Outside the Ecuadorian Embassy in London, an Assange supporter makes a sign that reads: “Ecuador: Country of Freedom”
Few people have so fully devoted their lives to exposing abuses of power as WikiLeaks’ founder Julian Assange.
As the newsstands, Internet columns and blogs have chronicled, Assange has been camping out in the Ecuadorian Embassy in London since Tuesday in an effort to gain political asylum and avoid extradition to Sweden, where he faces sex crime allegations. If he loses that bid, he could eventually be extradited to the United States, where it’s a virtual certainty that officials would prosecute him for his work with WikiLeaks. Through that organization, Assange has published thousands of sensitive U.S. government documents.

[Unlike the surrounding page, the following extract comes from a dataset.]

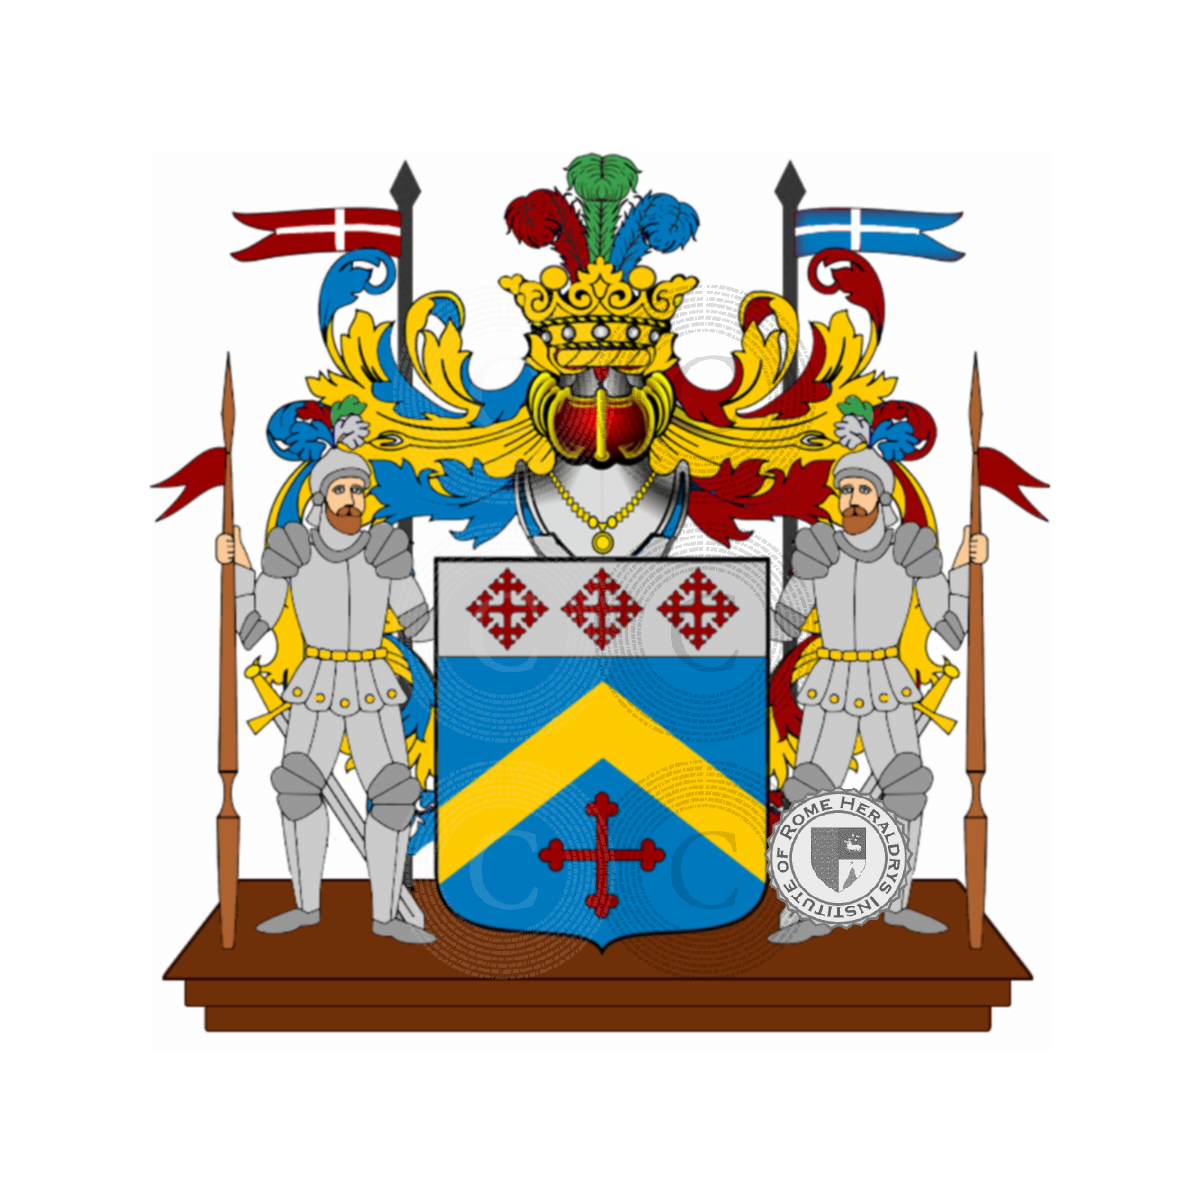 Wappen der Familie Sorentini

On the basis of one such document, it is understood that the Justice Department already has a sealed indictment on Assange. Experts assume the government would prosecute him in accordance with the 1917 Espionage Act, which equates interference with government operations with support of America’s enemies. Over the past decade, U.S. officials have made it clear that anyone who can even be suspected of having a connection to terrorism is an enemy of the United States. In the eyes of the government, Assange may as well have ordered the deaths of American civilians or soldiers himself, even though no evidence has been produced to support the claim that the work WikiLeaks does has harmed Americans.
Given that the U.S. Justice Department has become what constitutional lawyer and Salon columnist Glenn Greenwald calls a travesty of law, Assange has every reason to fear extradition to the States. Assange’s attorney, Michael Ratner,confirms what seems obvious: The treatment given to accused WikiLeaks informant Bradley Manning—an extended, isolated imprisonment that a U.N. investigation deemed “cruel, inhuman and degrading”—is what Assange could expect as well. And as Greenwald writes: “The Obama administration’s unprecedented obsession with persecuting whistle-blowers and preventing transparency—what even generally supportive liberal magazines call ‘Obama’s war on whistle-blowers’—makes those concerns all the more valid.”
Even though Assange has broken no international law in seeking asylum from Ecuador, some, including New Statesman columnist David Allen Green, have portrayed him as a fugitive on the run. Assange has inspired the hatred of many since he first became internationally known in 2010. Much of that animosity has come from journalists and news organizations that have failed to do what Assange has done so spectacularly in the short time WikiLeaks has been operating: make people and organizations who do bad things in secret think twice about doing them at all, because someone devoted to truth and transparency might expose them.
The writers, editors and publishers at Truthdig are not among Assange’s detractors. We honor him for putting himself at great risk to reveal what governments and corporations are up to. Julian Assange is our Truthdigger of the Week.